### [SUPPLIED DATA]
Content starts

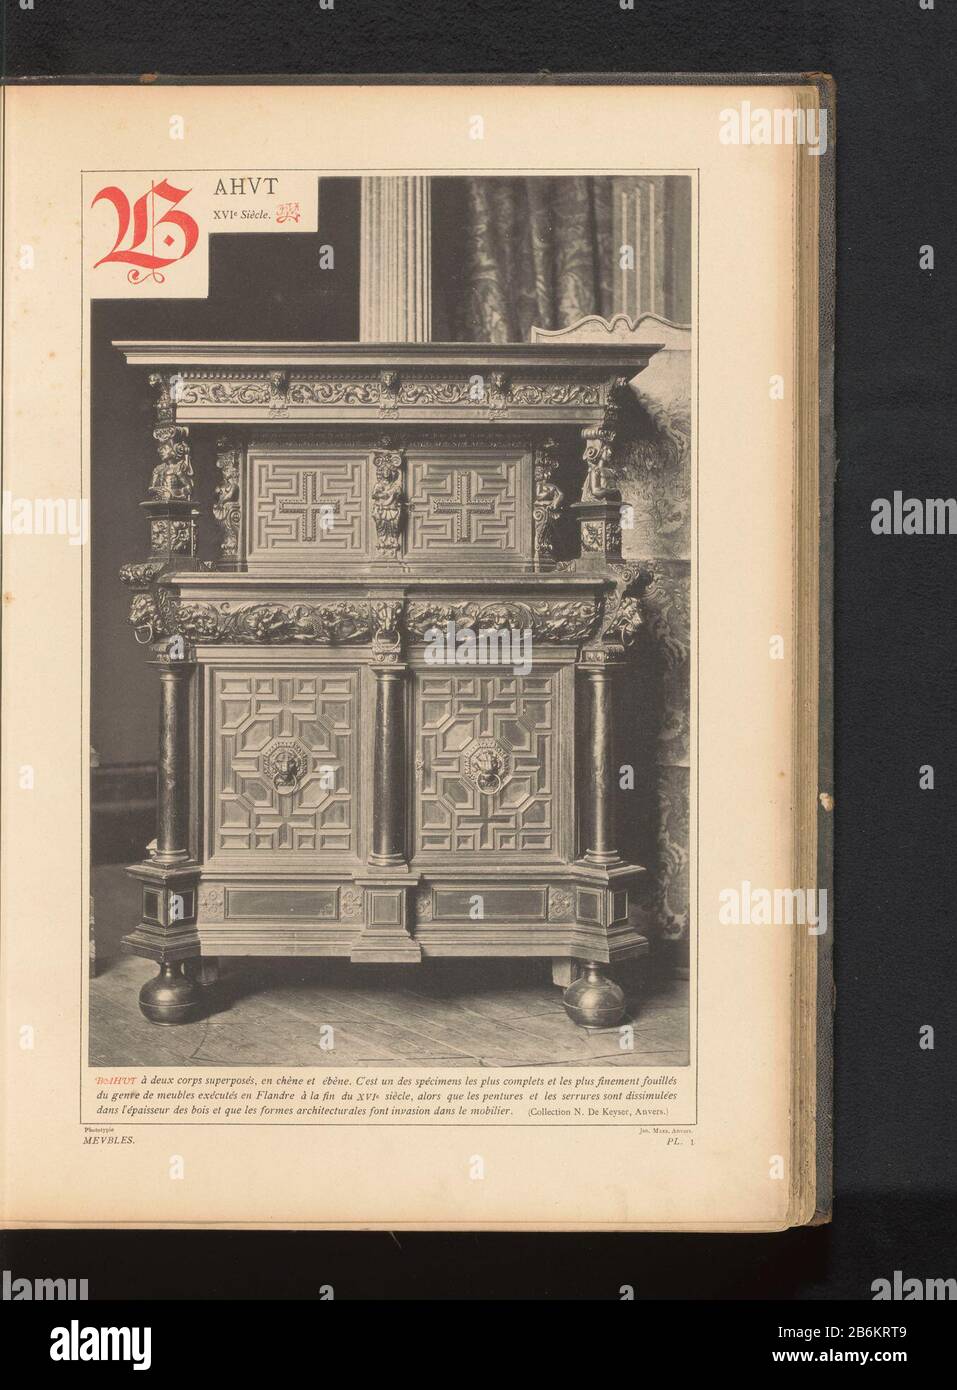 Oak and Ebony kastBahut, XVI Siecle (title object) Property Type: photomechanical print page Item number: RP-F 2001-7-1743-57 Inscriptions / Brands: inscription, recto, printed: 'Bahut à deux (...) 'inscription recto, printed:' MEUBLES. PL. 1.'monogram, recto stamped 'JJvY (Refers Where: apparently to JJ Ysendyck.) Manufacture Creator: Photographer: anoniemclichémaker Joseph Maes (possible) design by: anonymous place manufacture: Antwerp Dating: ca. 1881 - or for 1889 Material: paper Technique: copying / photolithography dimensions: print: h 341 mm × W 235 mm Subject: furniture to put things i Stock Photo
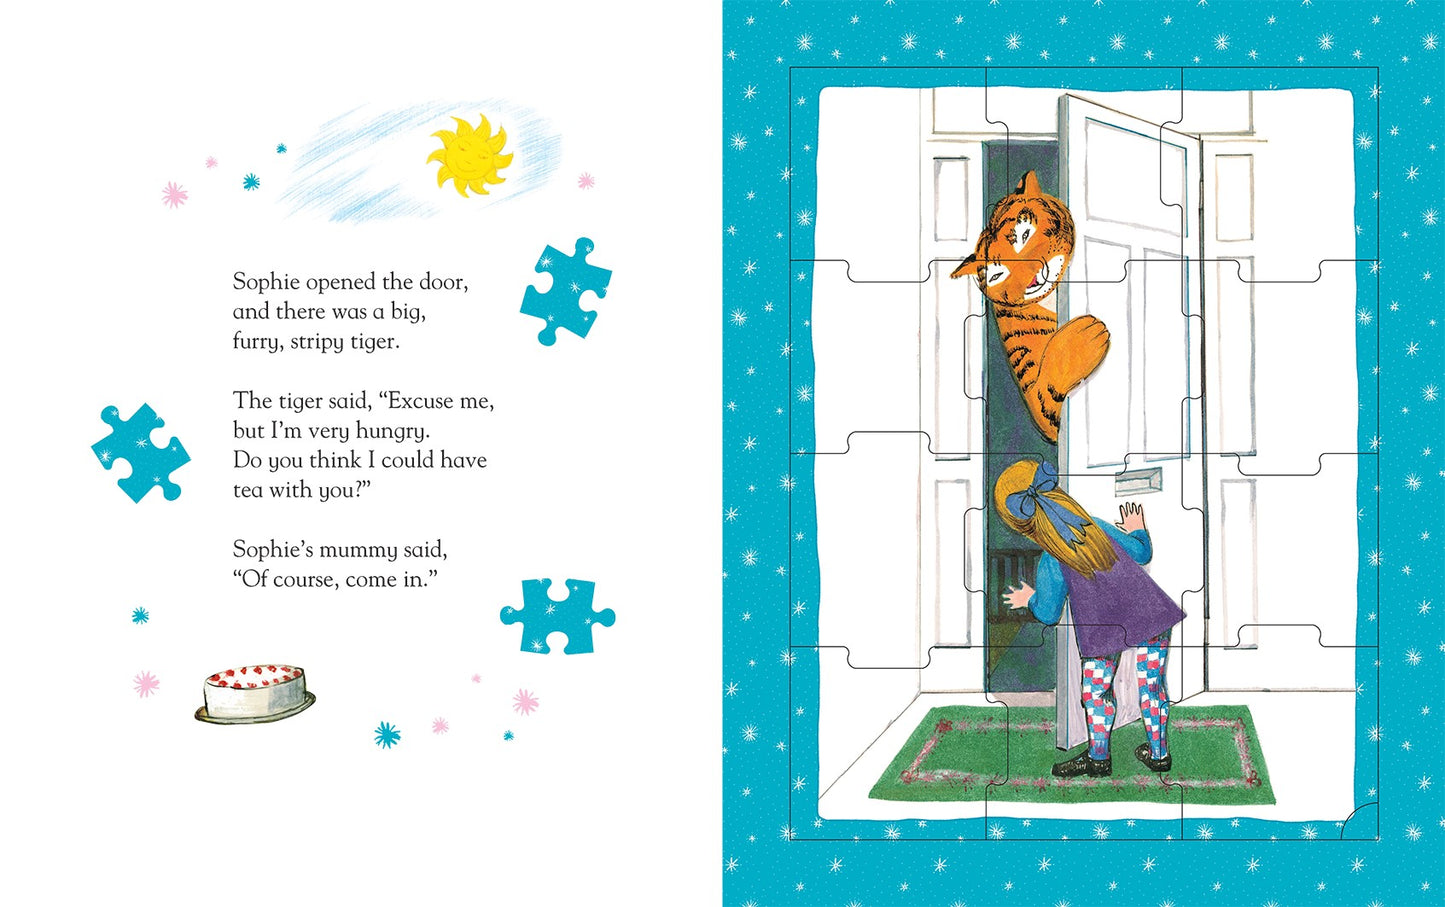 The Tiger Who Came to Tea Jigsaw Book
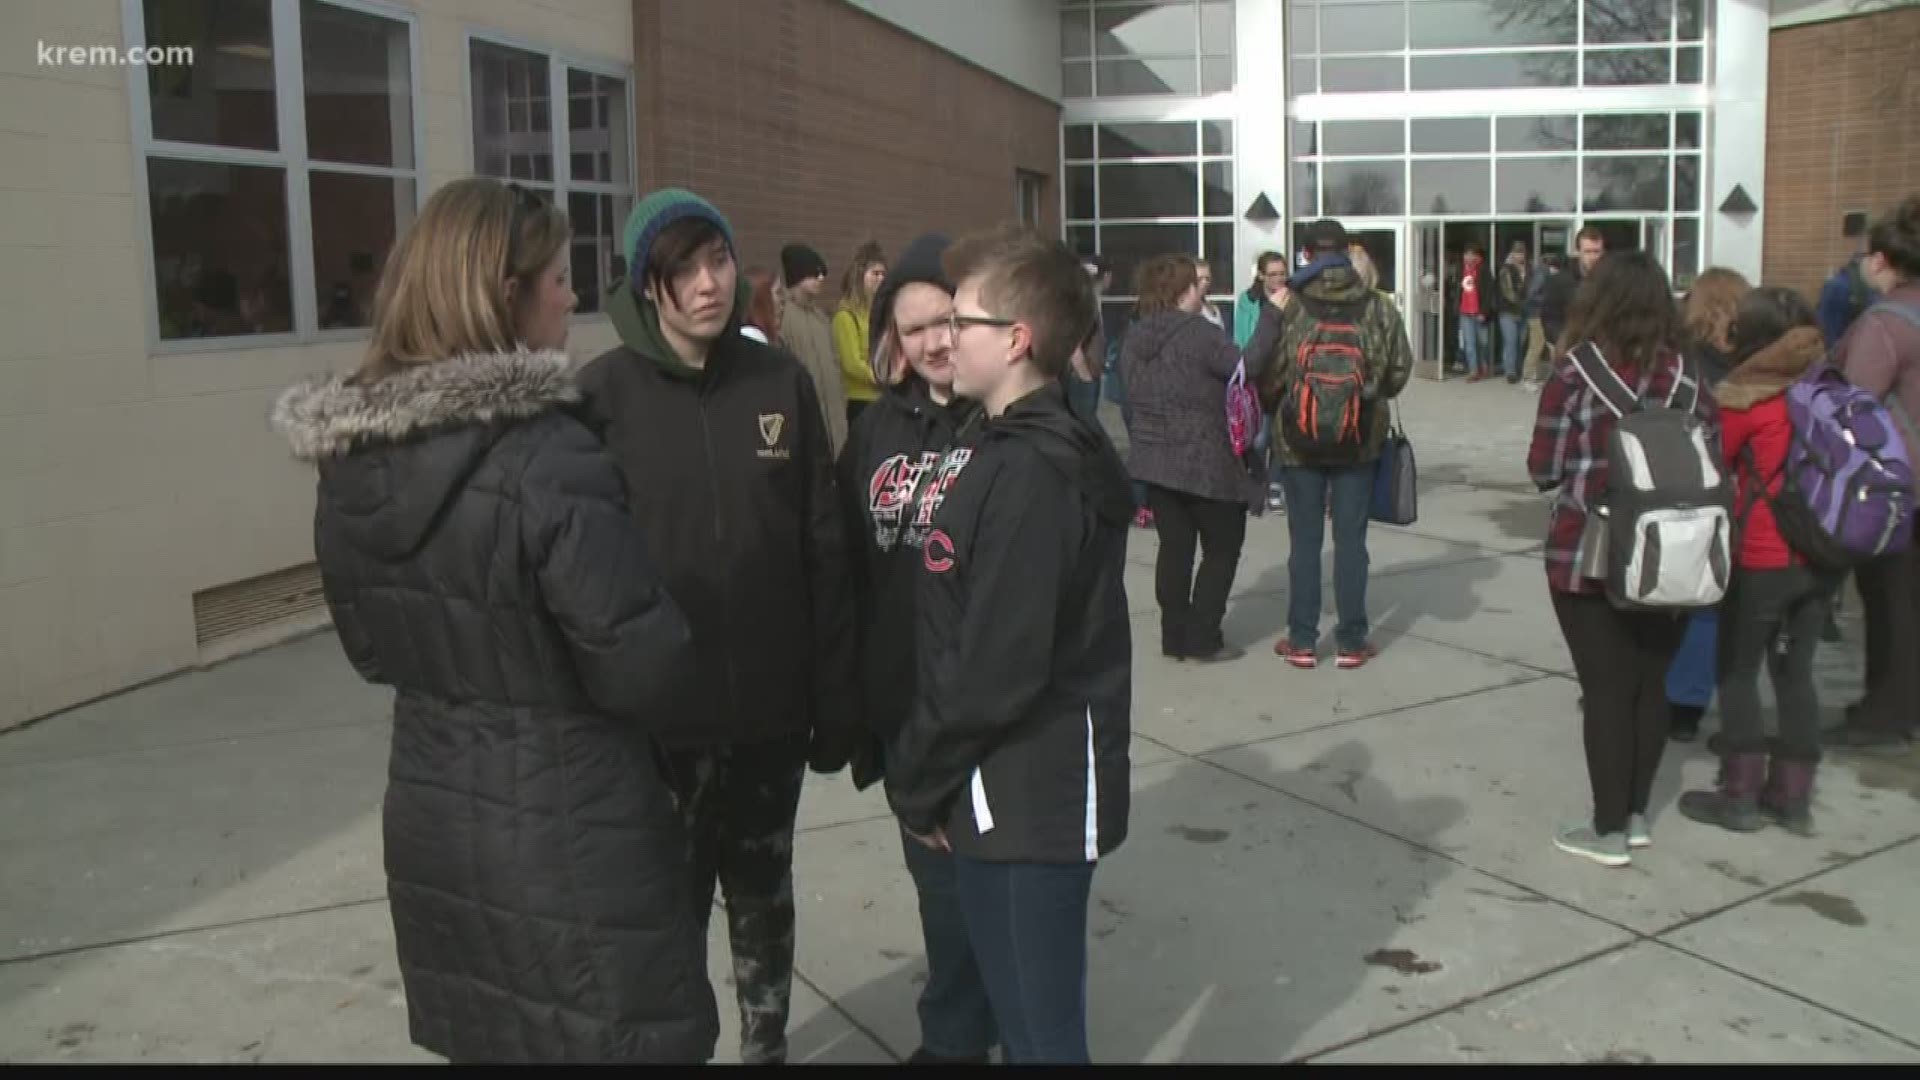 Spokane Public School leaders said they are still discussing how they will respond to this national call to action.

Content ends

### [WORK TO BE COMPLETED]
Your copy should match the material above exactly, minus its pictures.

### [RESPONSE TO THIS EXERCISE]
 Oak and Ebony kastBahut, XVI Siecle (title object) Property Type: photomechanical print page Item number: RP-F 2001-7-1743-57 Inscriptions / Brands: inscription, recto, printed: 'Bahut à deux (...) 'inscription recto, printed:' MEUBLES. PL. 1.'monogram, recto stamped 'JJvY (Refers Where: apparently to JJ Ysendyck.) Manufacture Creator: Photographer: anoniemclichémaker Joseph Maes (possible) design by: anonymous place manufacture: Antwerp Dating: ca. 1881 - or for 1889 Material: paper Technique: copying / photolithography dimensions: print: h 341 mm × W 235 mm Subject: furniture to put things i Stock Photo
 The Tiger Who Came to Tea Jigsaw Book
 Spokane Public School leaders said they are still discussing how they will respond to this national call to action.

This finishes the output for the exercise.